Check the output to ensure you are in the correct context for the cluster mentioned in the alert. If not, please change context and proceed.

4.2. Check Alerts

Get the route to this cluster’s alertmanager:
MYALERTMANAGER=$(oc -n openshift-monitoring get routes/alertmanager-main --no-headers | awk '{print $2}')

Quickly view all alerts to check if your alert is still active.

Check all alerts
curl -k -H "Authorization: Bearer $(oc -n openshift-monitoring sa get-token prometheus-k8s)"  https://${MYALERTMANAGER}/api/v1/alerts | jq '.data[] | select( .labels.alertname) | { ALERT: .labels.alertname, STATE: .status.state}'

Continue ONLY if you want to view your specific alert or need more details

Get your alertname from the alert, set for use in jq:
export MYALERTNAME="<alertname from alert>"
Check if the alert is still active:
curl -k -H "Authorization: Bearer $(oc -n openshift-monitoring sa get-token prometheus-k8s)"  https://${MYALERTMANAGER}/api/v1/alerts | jq '.data[] | select( .labels.alertname | test(env.MYALERTNAME)) | { ALERT: .labels.alertname, STATE: .status.state}'

No entries means the alert is no longer active.

Some alerts, such as mismatch versions, can occur during upgrades and resolve themselves. If this alert is not a mismatch version alert then there should be an investigation into what triggered the alert even though the alert resolved. Look for other active alerts or alerts with similiar timing.

If you need more details run:
curl -k -H "Authorization: Bearer $(oc -n openshift-monitoring sa get-token prometheus-k8s)"  https://${MYALERTMANAGER}/api/v1/alerts | jq '.data[] | select( .labels.alertname | test(env.MYALERTNAME)) | { ALERTDETAILS: .}'

More about the Prometheus Alert endpoint can be found here: https://prometheus.io/docs/prometheus/latest/querying/api/#alerts

4.3. Check/Document OCS Ceph Cluster Health

You may directly check OCS Ceph Cluster health by using the rook-ceph toolbox.
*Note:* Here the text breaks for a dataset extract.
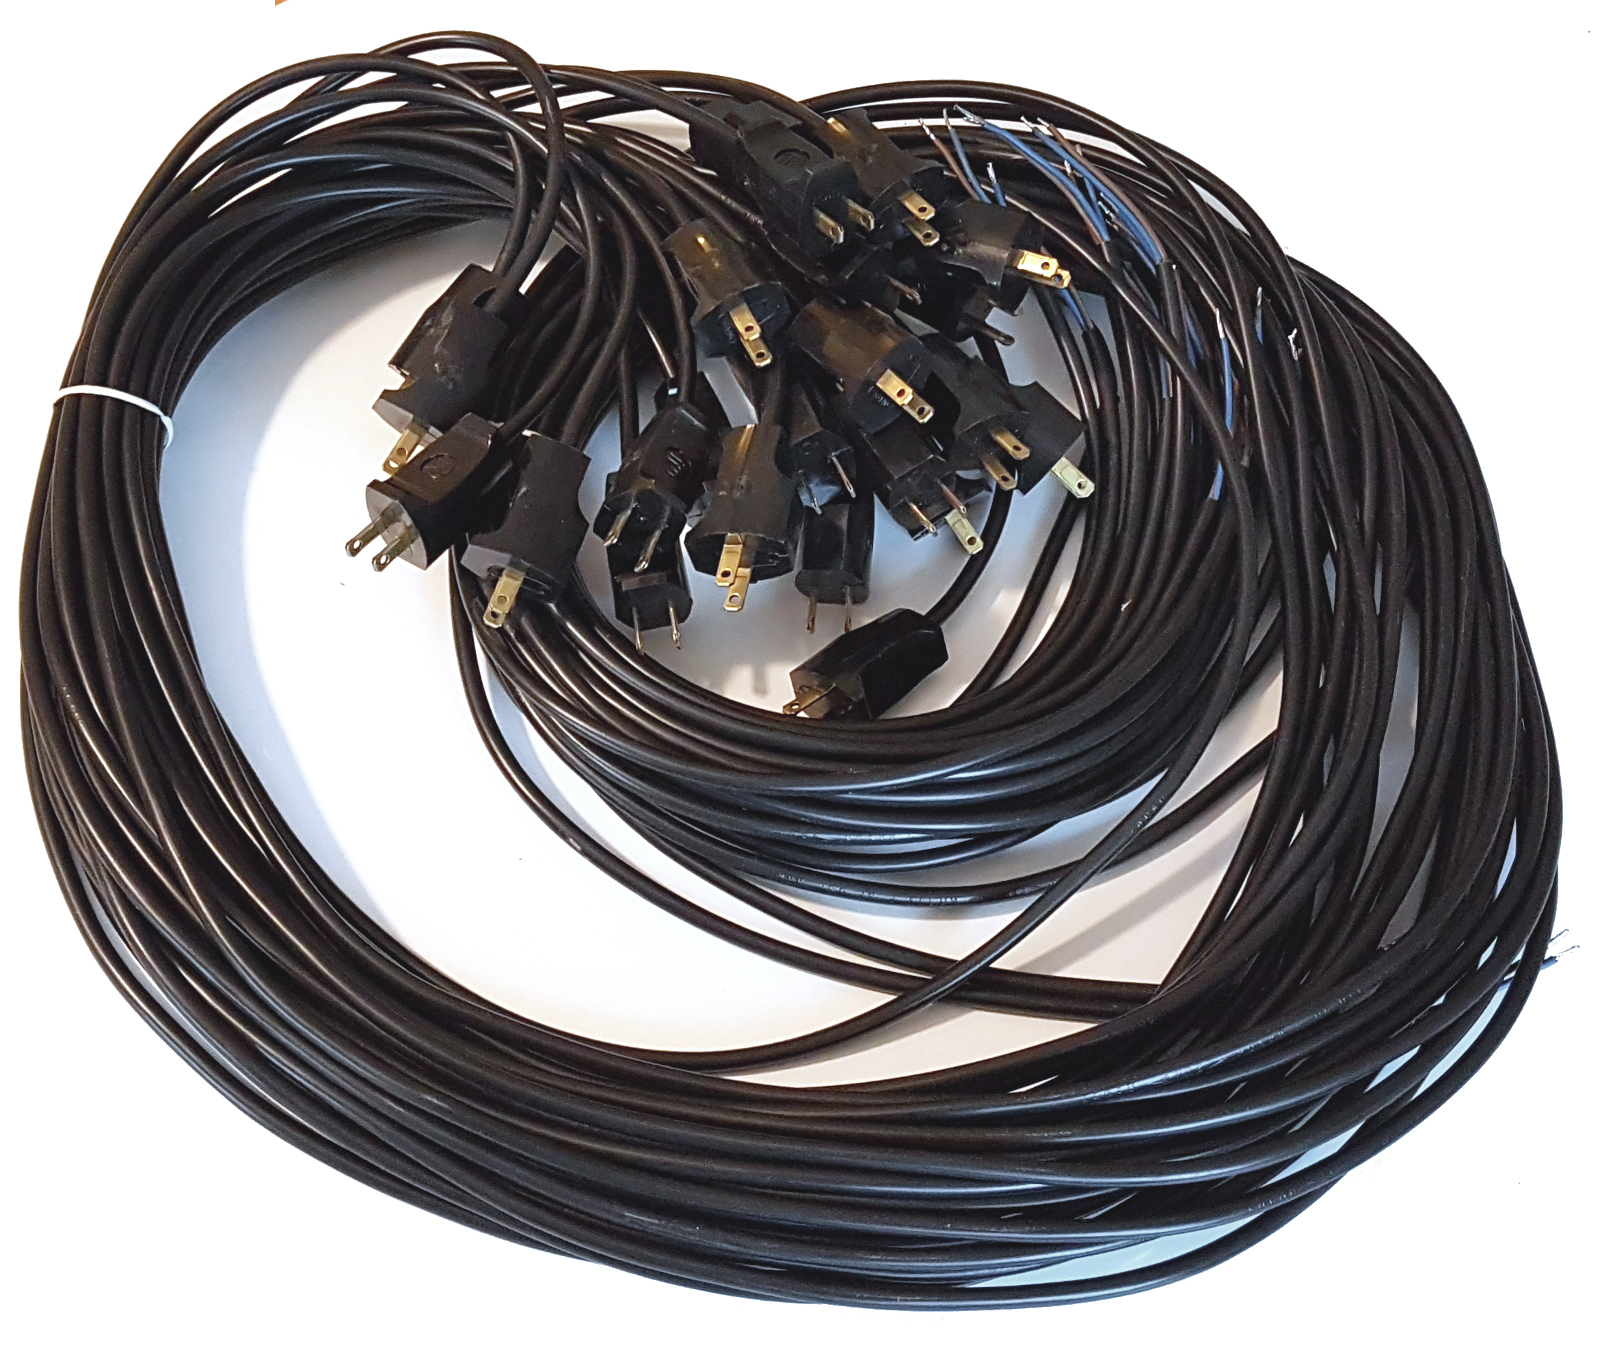 2-жильний кабель (кабель Cu) довжиною 2 МБ з вилкою США

The rook-ceph toolbox is not supported by Red Hat and is used here only to provide a quick health assessment. Do not use the toolbox to modify your Ceph cluster. Use the toolbox for querying health only.
oc patch OCSInitialization ocsinit -n openshift-storage --type json --patch  '[{ "op": "replace", "path": "/spec/enableCephTools", "value": true }]'

After the rook-ceph-tools Pod is Running, access the toolbox like this:

Check and document ceph cluster health:
TOOLS_POD=$(oc get pods -n openshift-storage -l app=rook-ceph-tools -o name)
oc rsh -n openshift-storage $TOOLS_POD
Step 2: From the rsh command prompt, run the following and capture the output.
ceph status
ceph health
ceph osd status
ceph osd df
exit

Do not forget to exit.

5. Procedure for Resolution

5.1. Resolution Overview

5.2. Check Alerts

Get the route to this cluster’s alertmanager:
MYALERTMANAGER=$(oc -n openshift-monitoring get routes/alertmanager-main --no-headers | awk '{print $2}')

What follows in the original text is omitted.